2 Using actions to install software

Although Python comes pre-installed on the runners, common scientific languages such as R and MATLAB are not immediately available and require some extra steps. Additionally, Conda software for Python needs to be installed if creating a virtual environment since this is also not readily available out-of-the-box.

Below are a few simple examples of installing the aforementioned software:

r_install.yml
name: R installation 
on:
  # triggered on push to repo (specifically the 'main' branch)
  push:
    branches: main

jobs:  
  r_install: 
    runs-on: ubuntu-latest
    steps:  
    - name: Check out repository  
      uses: actions/checkout@v5  

    - name: Install R
1      uses: r-lib/actions/setup-r@v2
      with:
        r-version: '4.4.3'  #(optional) specification of version and other settings
1
Action provided to install R regardless of operating system
conda_install.yml
name: Conda installation 
on:
  # triggered on push to repo (specifically the 'main' branch)
  push:
    branches: main

jobs:  
  conda_install: 
    runs-on: ubuntu-latest
    steps:  
    - name: Check out repository  
      uses: actions/checkout@v5  

    - name: Install Conda
1      uses: conda-incubator/setup-miniconda@v3
      with:
        auto-update-conda: true
        python-version: 3.12  #(optional) specification of version
1
Action provided to install Conda regardless of operating system (for both Conda and Mamba)
matlab_install.yml
name: MATLAB installation 
on:
  # triggered on push to repo (specifically the 'main' branch)
  push:
    branches: main

jobs:  
  matlab_install: 
    runs-on: ubuntu-latest
    steps:  
    - name: Check out repository  
      uses: actions/checkout@v5  

    - name: Set up MATLAB
1      uses: matlab-actions/setup-matlab@v2
      with:
        release: R2024a  #(optional) specification of version
1
Action provided to install MATLAB regardless of operating system


Installation of this software defaults to the latest release (available for the GitHub Action). If an older version is desired, this would need to be explicitly specified to take effect. Many more settings are typically available for specification in each action, and these can be referenced from the associated GitHub repos that store these actions.

NoteFor MATLAB users

It should be noted that the available actions for setting up and using MATLAB within a GitHub Actions workflow are only available for public repos. If have wish to use a private repo, you may be able to request a MATLAB batch processing token to pursue this further. More information on the options available can be found on the page for the MATLAB setup action.

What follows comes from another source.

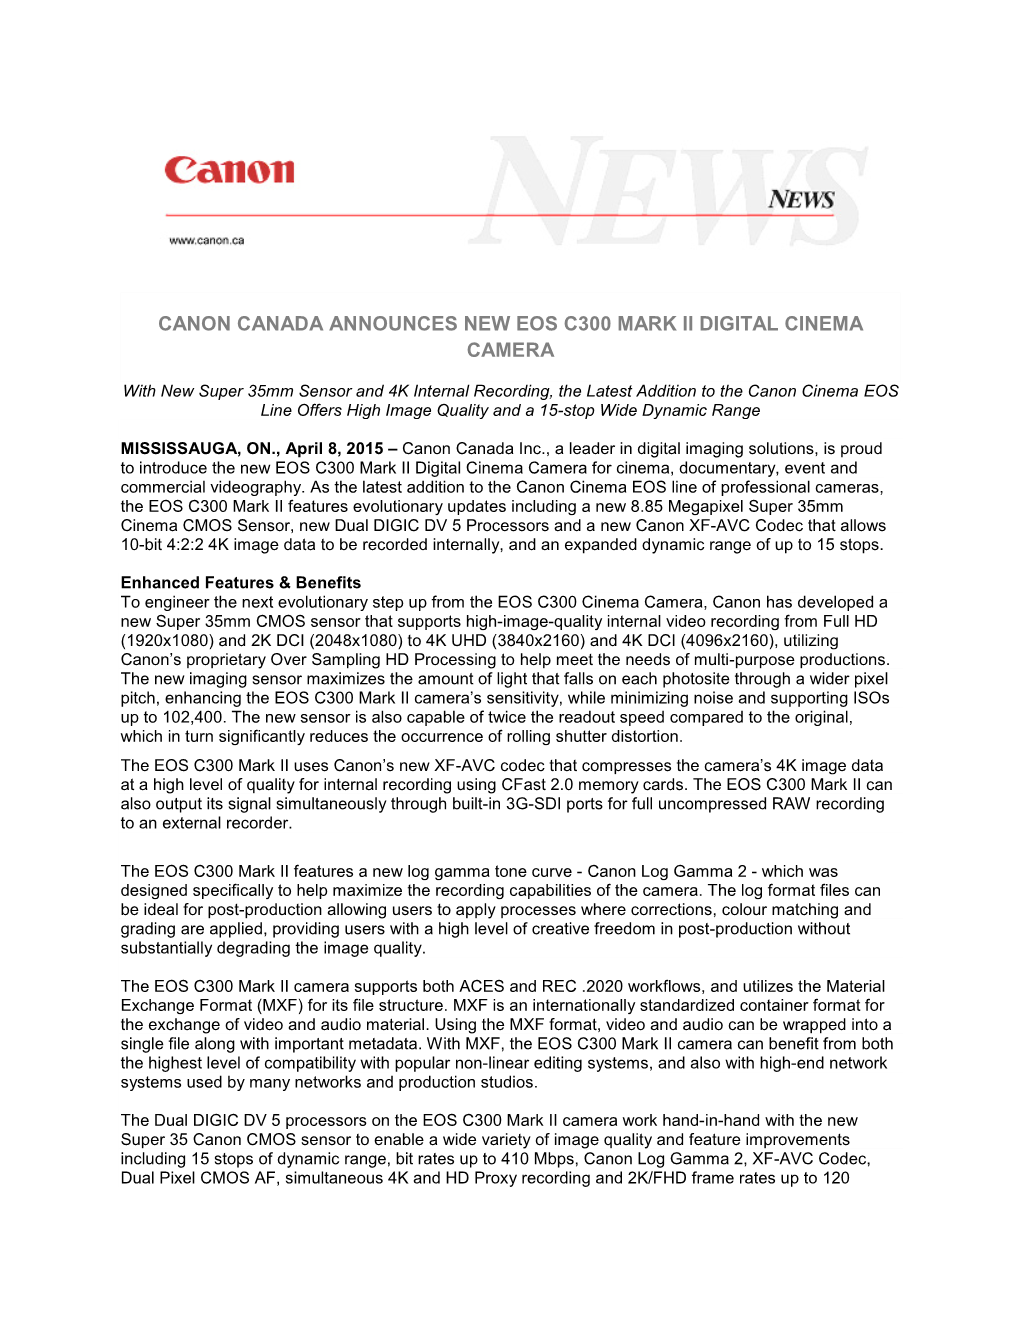 Canon Canada Announces New Eos C300 Mark Ii Digital Cinema Camera
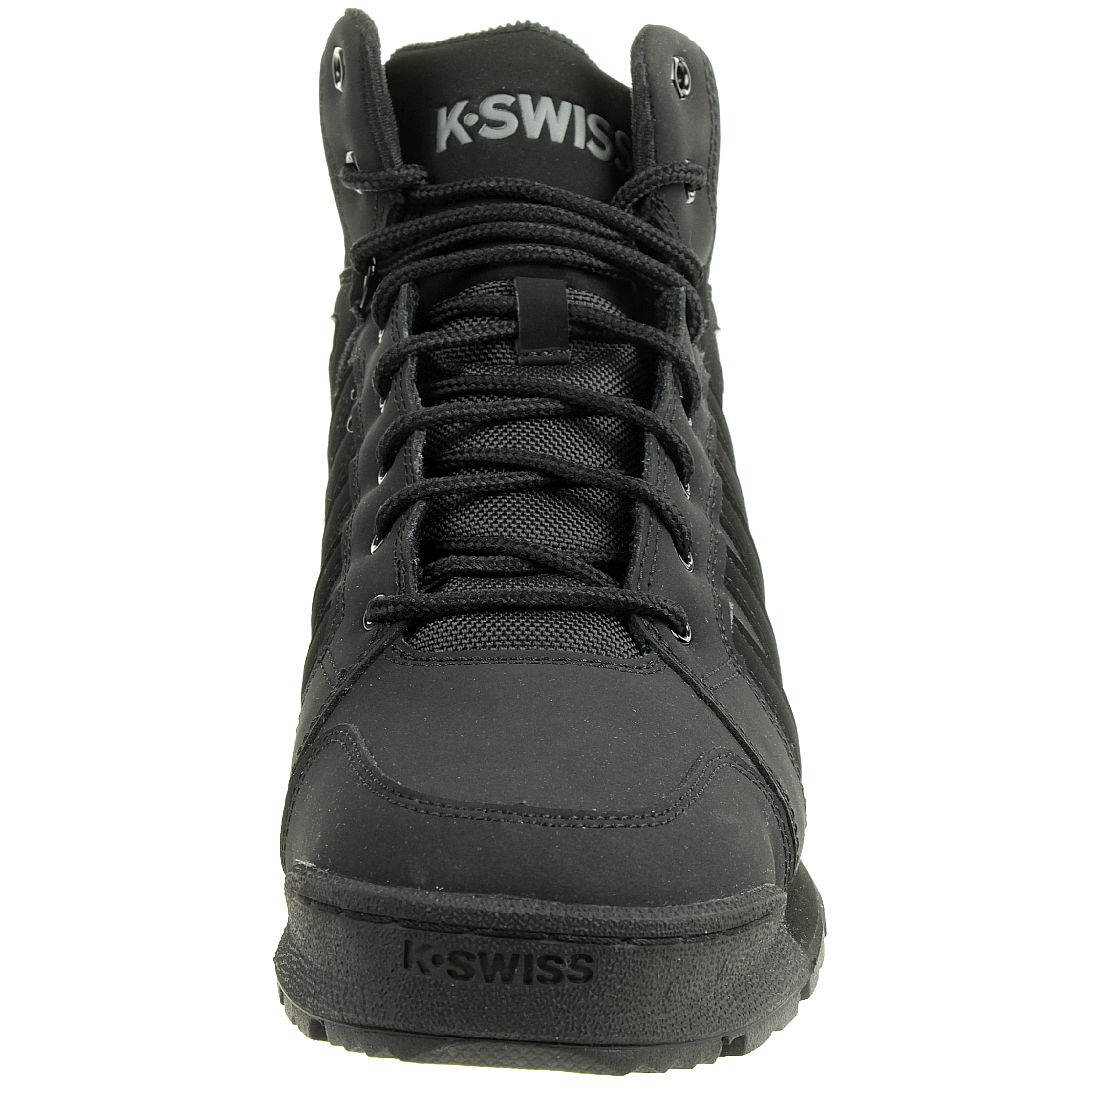 K-Swiss Norfolk SC M Herren Leder Schuhe Boot Outdoor schwarz 05677 022

3 Using actions to install dependencies

Once the software has been installed (if not already available) to use your programming language of choice, there are typically a set of packages that are needed to use certain functions within scripts. For example, users interested in performing geospatial analyses in R or Python may want to install the terra or xarray packages for handling raster files and sf or geopandas for handling vector layers. Since these packages are not installed by default, we need to provide some instructions to the virtual machine in order to install these packages prior to running any code.

There a few different ways to approach this, which varies per programming language. So this description is by no means comprehensive. Below are a list of different options for specifying dependencies prior to installation on a GitHub Actions runner.

  1. Listing all packages within a DESCRIPTION file
  2. Using {renv} to create a lockfile on your local computer that is passed to GitHub Actions
  3. Manual package installation via running install.packages() function instead of using actions
  4. Specification of packages using the packages and extra-packages arguments of the setup-r-dependencies action
  5. Allow the setup-r-dependencies action to auto-detect which packages (and versions) to install from the R scripts (or Quarto docs) that are included in your directory

The use of renv to create a lockfile to track packages (and versions) associated with a project is generally considered best practice given improvements to reproducibility, but there can be issues when installing geospatial packages and associated base libraries on a virtual machine. A DESCRIPTION file is most common when building R packages, but can also be used for standard repositories as well and may help avoid some of the drawbacks of using renv while maintaining greater reproducibility. The simplest ways to install a relatively large number of packages across files is to allow auto-detection of packages for installation by the action, but this is generally less reproducible since the package versions are subject to change upon new releases, which may break your code.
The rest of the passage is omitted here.